Test the model with sample transactions.

In [None]:
# Load the saved model
loaded_model_data = joblib.load('../fraud_detection_model_rf.pkl')
loaded_model = loaded_model_data['model']
loaded_scaler = loaded_model_data['scaler']
loaded_encoders = loaded_model_data['label_encoders']

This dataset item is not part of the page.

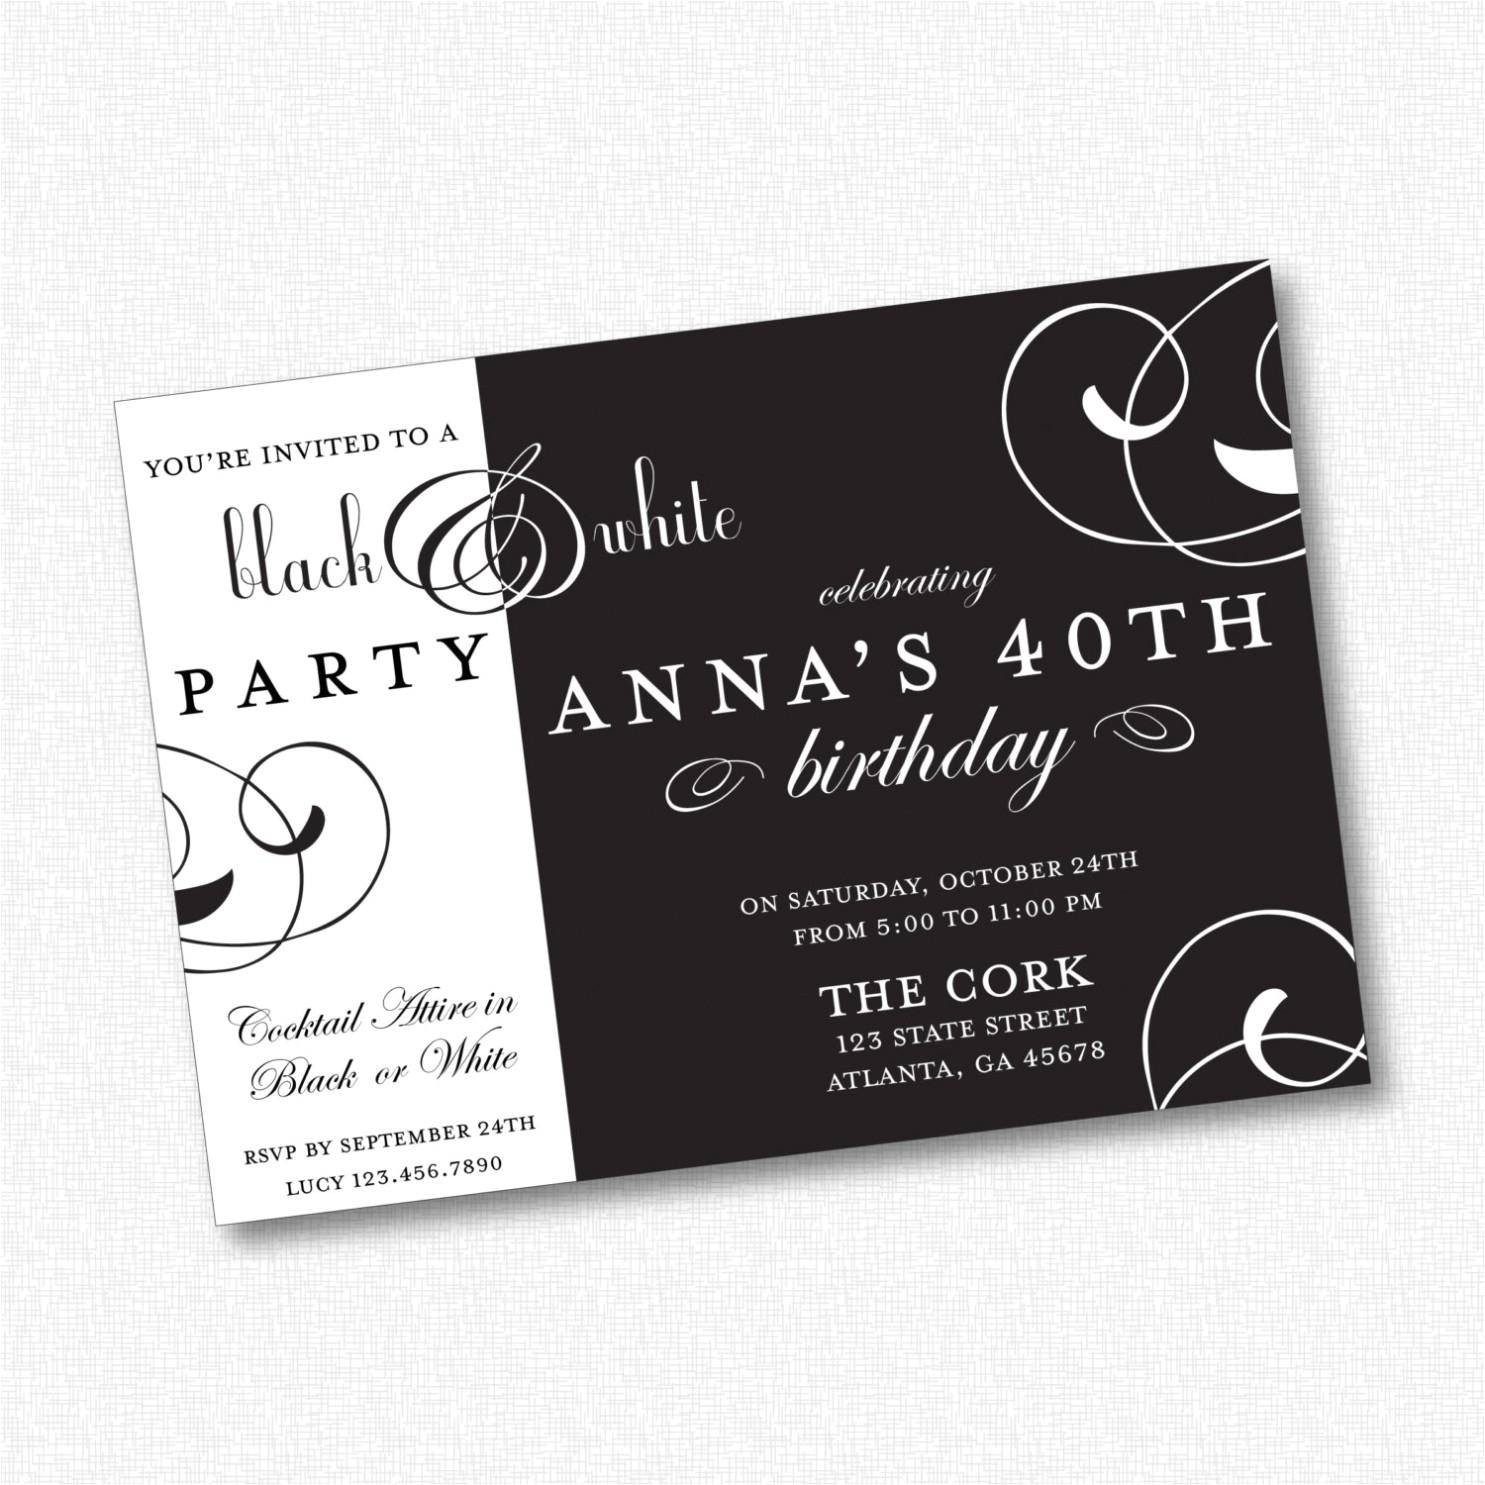 Black White Party Invitation Wording White Party Invitation Wording Black and White Party

# Test with sample transactions
test_transactions = [
    {  # Normal transaction
        'transaction_amount': 45.50,
        'merchant_category': 'grocery',
        'card_type': 'credit',
        'transaction_type': 'purchase',
        'hour_of_day': 14,
        'day_of_week': 2,
        'customer_age': 35,
        'account_balance': 2500,
        'previous_transaction_amount': 32.20,
        'transaction_frequency_24h': 2
    },
    {  # Suspicious transaction
        'transaction_amount': 2500,
        'merchant_category': 'online',
        'card_type': 'credit',
        'transaction_type': 'purchase',
        'hour_of_day': 3,
        'day_of_week': 1,
        'customer_age': 28,
        'account_balance': 3000,
        'previous_transaction_amount': 45.30,
        'transaction_frequency_24h': 8
    }
]

def predict_fraud(transaction, model, scaler, encoders):
    """Make fraud prediction for a single transaction"""
    df = pd.DataFrame([transaction])
    
    # Encode categorical variables
    categorical_cols = ['merchant_category', 'card_type', 'transaction_type']
    for col in categorical_cols:
        df[col] = encoders[col].transform(df[col])
    
    # Create additional features
    df['amount_to_balance_ratio'] = df['transaction_amount'] / (df['account_balance'] + 1)
    df['amount_change_ratio'] = df['transaction_amount'] / (df['previous_transaction_amount'] + 1)
    
    # Select features
    feature_cols = [
        'transaction_amount', 'merchant_category', 'card_type', 'transaction_type',
        'hour_of_day', 'day_of_week', 'customer_age', 'account_balance',
        'previous_transaction_amount', 'transaction_frequency_24h',
        'amount_to_balance_ratio', 'amount_change_ratio'
    ]
    
    X = df[feature_cols]
    X_scaled = scaler.transform(X)
    
    # Make prediction
    fraud_probability = loaded_model.predict_proba(X_scaled)[:, 1][0]
    is_fraud = fraud_probability > 0.5
    
    return {
        'fraud_probability': fraud_probability,
        'is_fraud': bool(is_fraud)
    }

# Test predictions
for i, transaction in enumerate(test_transactions):
    result = predict_fraud(transaction, loaded_model, loaded_scaler, loaded_encoders)
    print(f"\nTransaction {i+1}:")
    print(f"Amount: ${transaction['transaction_amount']:.2f}")
    print(f"Fraud Probability: {result['fraud_probability']:.3f}")
    print(f"Is Fraud: {result['is_fraud']}")

## Summary

This notebook demonstrated:
1. Generation of synthetic credit card transaction data with fraud patterns
2. Exploratory data analysis to understand fraud characteristics
3. Data preprocessing and feature engineering
4. Handling class imbalance using SMOTE
5. Training Random Forest and Logistic Regression models
6. Model evaluation with ROC curves and classification metrics
7. Feature importance analysis
8. Model saving and testing

The trained model can now be deployed as an API for real-time fraud detection.